From the latest Christian movement out of Africa, a continent known for its poverty and political and economic turmoil, I would like to cite a good example of small beginning, which now has captured the attention of scholars, pastors and seminary students. It is a movement in Kiev, Ukraine, “established in November 1993 as a Bible study group of seven people meeting in Adelaja’s [a Nigerian] apartment, the new group registered as a church three months later with only forty-nine members. Yet, by 2002, after adopting an outreach strategy that targeted the marginalized group in Ukraine society, the church had grown to twenty thousand. Over one million Ukrainians have reportedly been converted to Christianity as a result of its ministry” (Jehu J. Hanciles 2008:120).

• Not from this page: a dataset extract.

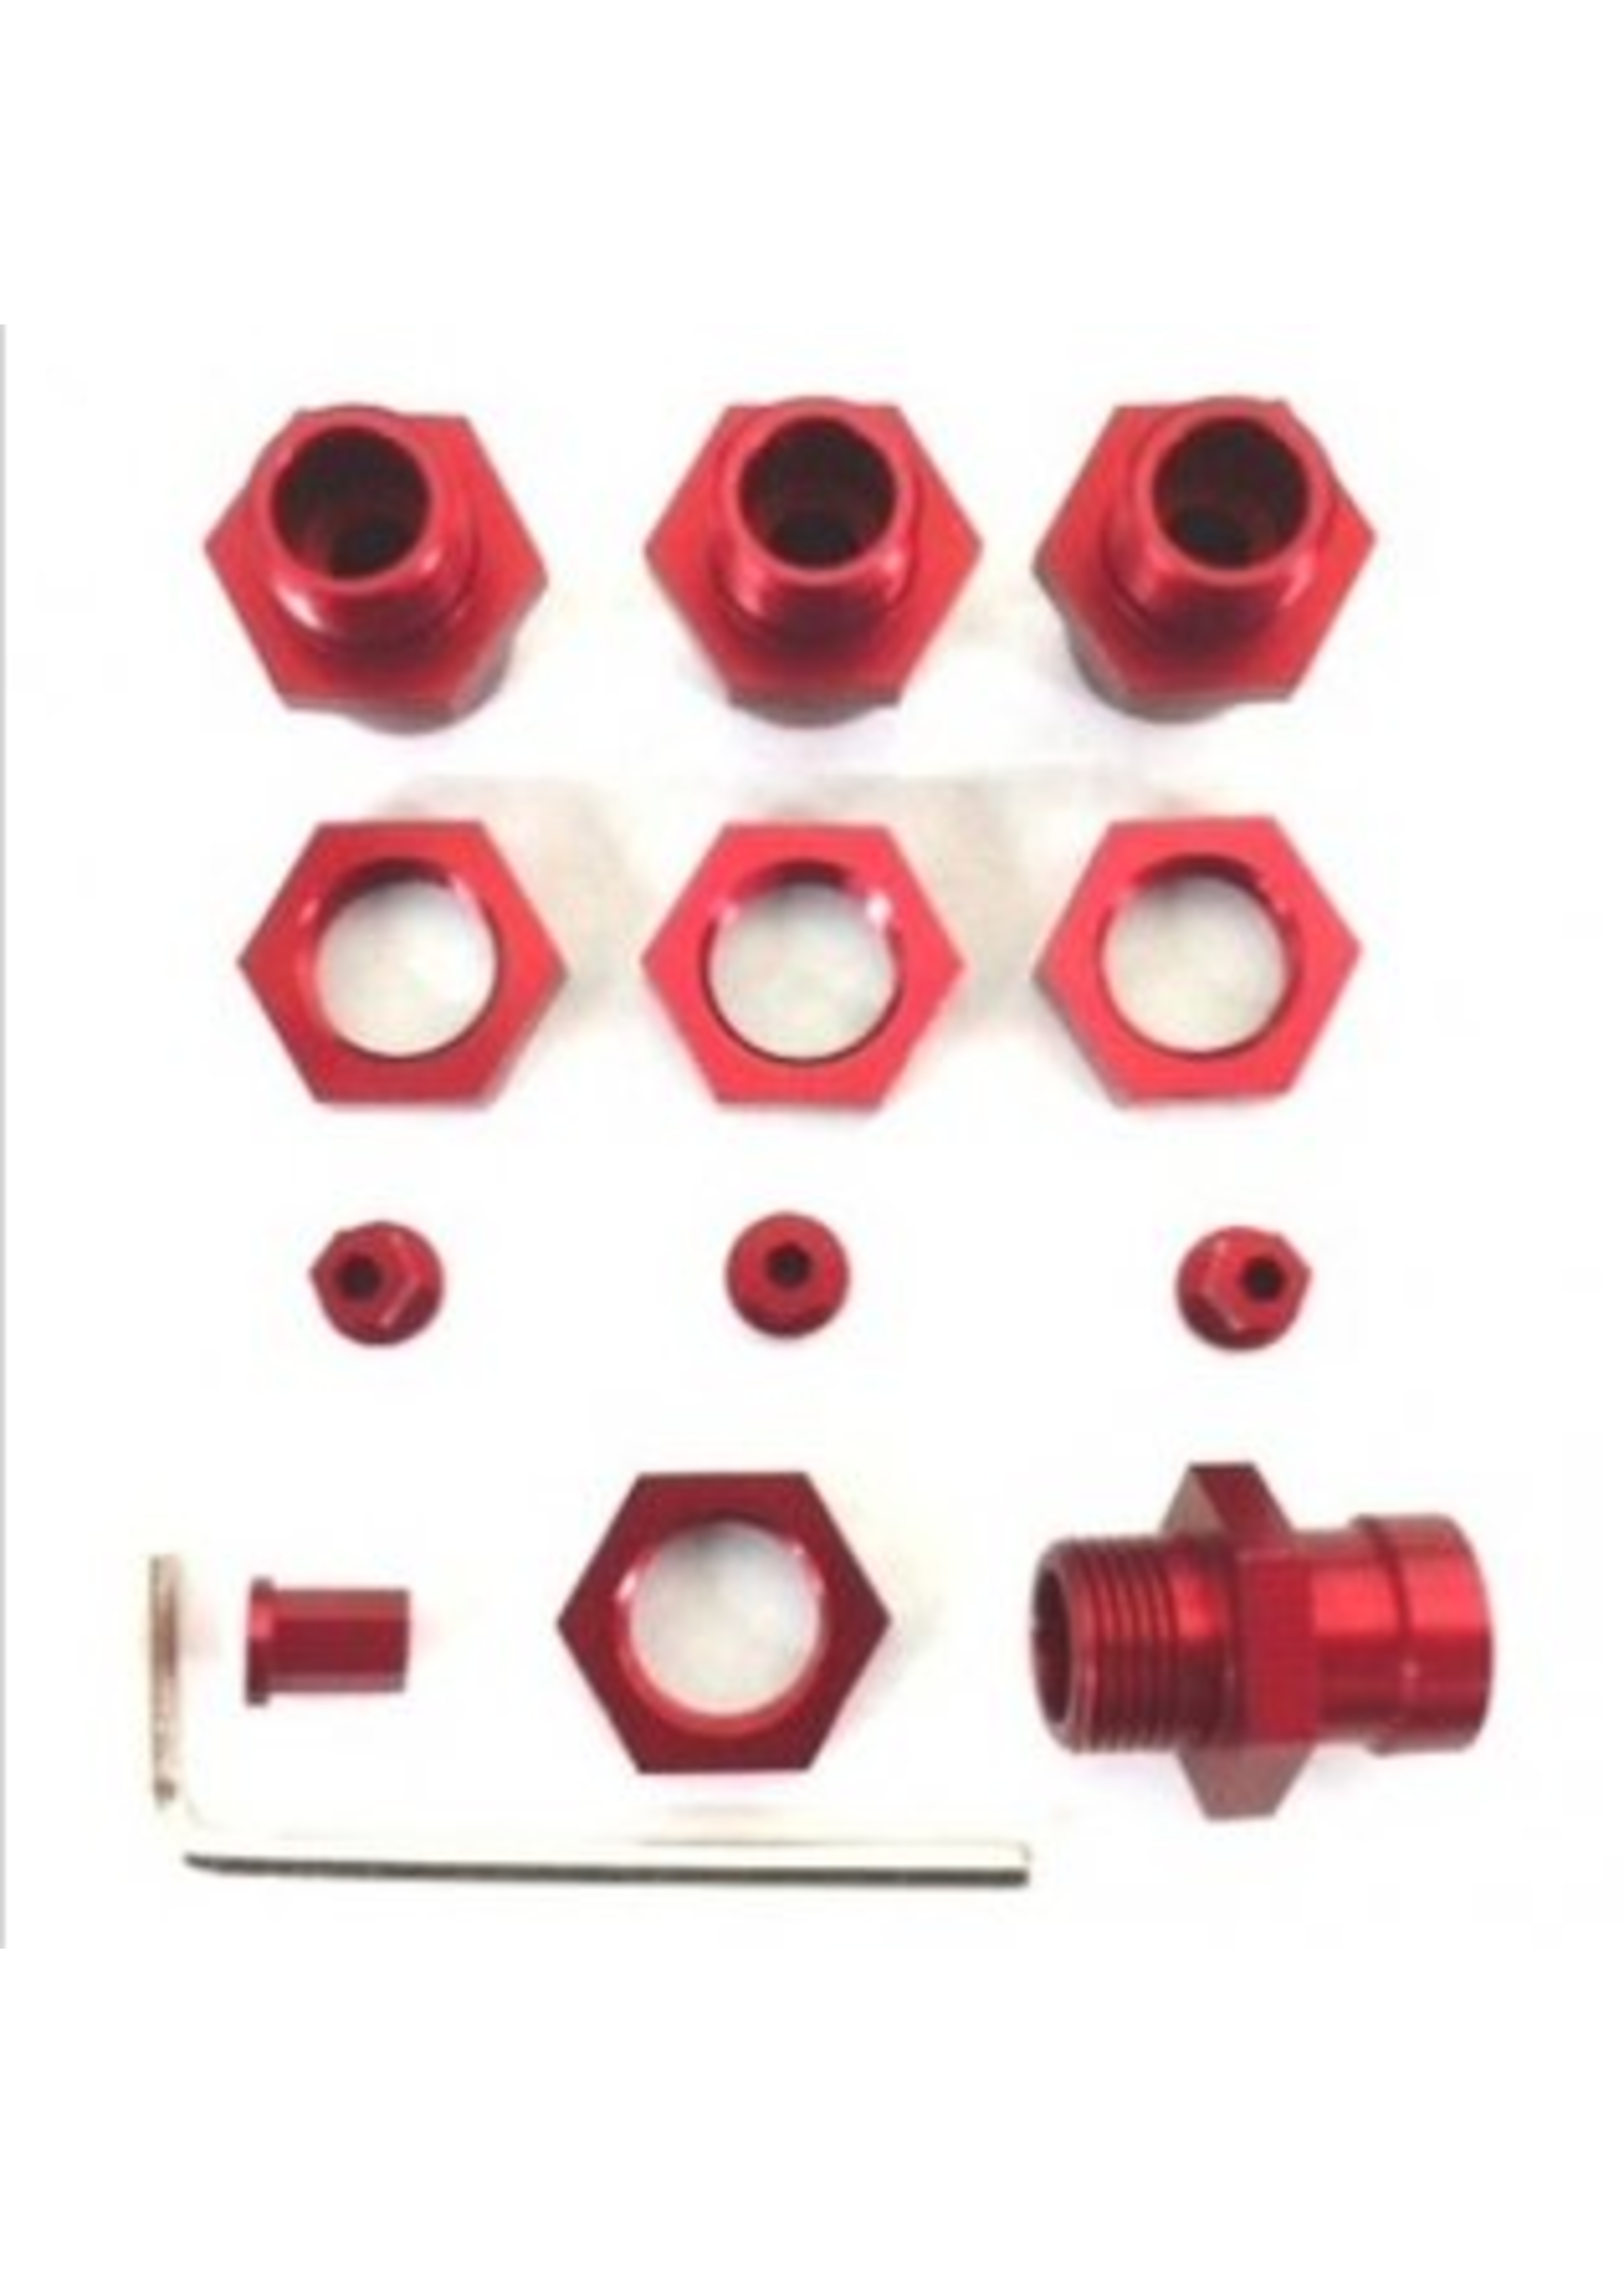 ST Racing Concepts SPTST1654-17R ST Racing Concepts CNC Machined Aluminum 17mm hex adatpers for Slash 4x4/Stampede 4x4/Rally (Red)
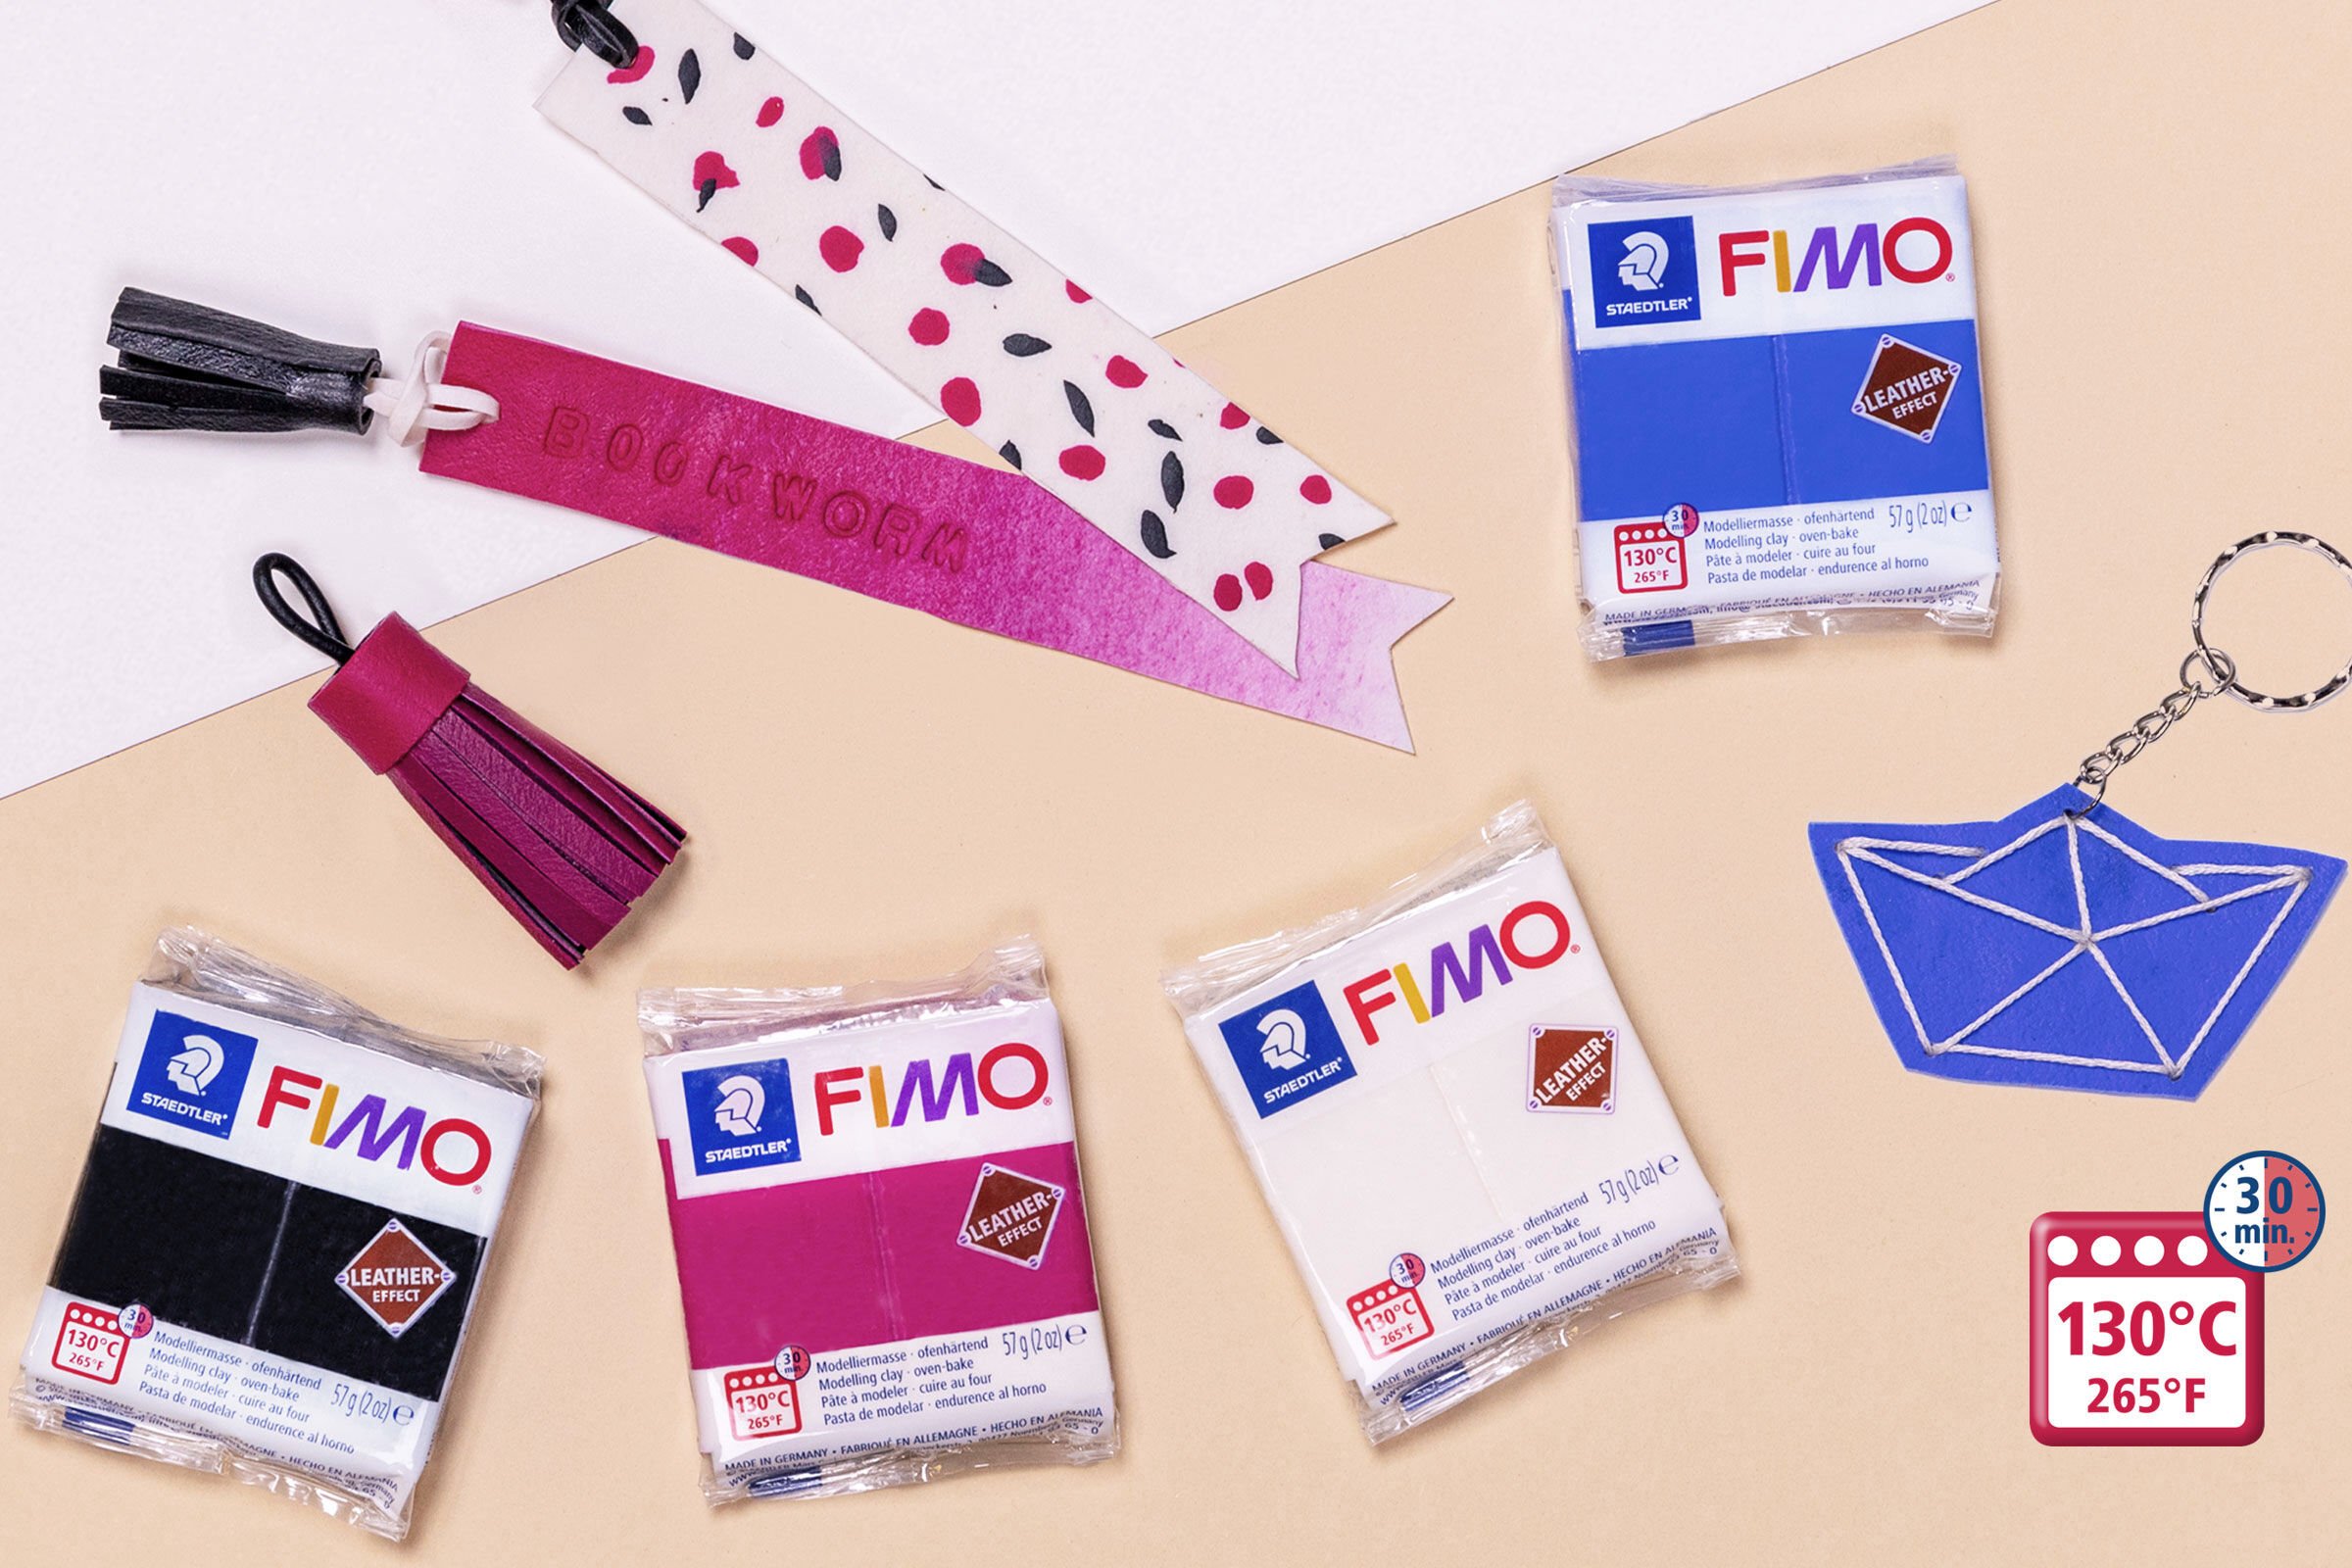 FIMO Genuine FIMO® Leather-Effect Polymer Modelling Oven Bake Clay 57g Many Colors

If we stop being influenced by the corporate world and follow the pattern of the Scripture, we’ll have fewer headaches with paying debts for buildings and more productive time to enhance the kingdom of God. The fastest growing churches in the world today are based on home fellowships, are meeting in tents and under trees. The converts are baptized in rivers and oceans. Their preachers are walking miles to reach the unreached, riding on the back of mules and horses. I’m not writing this sitting on a professor’s chair with no practical experience. I was one of those preachers who walked for ten hours, climbed steep mountains and crossed valleys and rivers. I’m an eyewitness to small beginning and astonishing growth. If you are certain of your calling to ministry, trust the Lord, listen to his voice, obey him, be patient, labor diligently, run with a godly motive and keep your integrity. Both in this world and the one to come, your reward will be a hundred fold. Christ has promised and his word is infallible.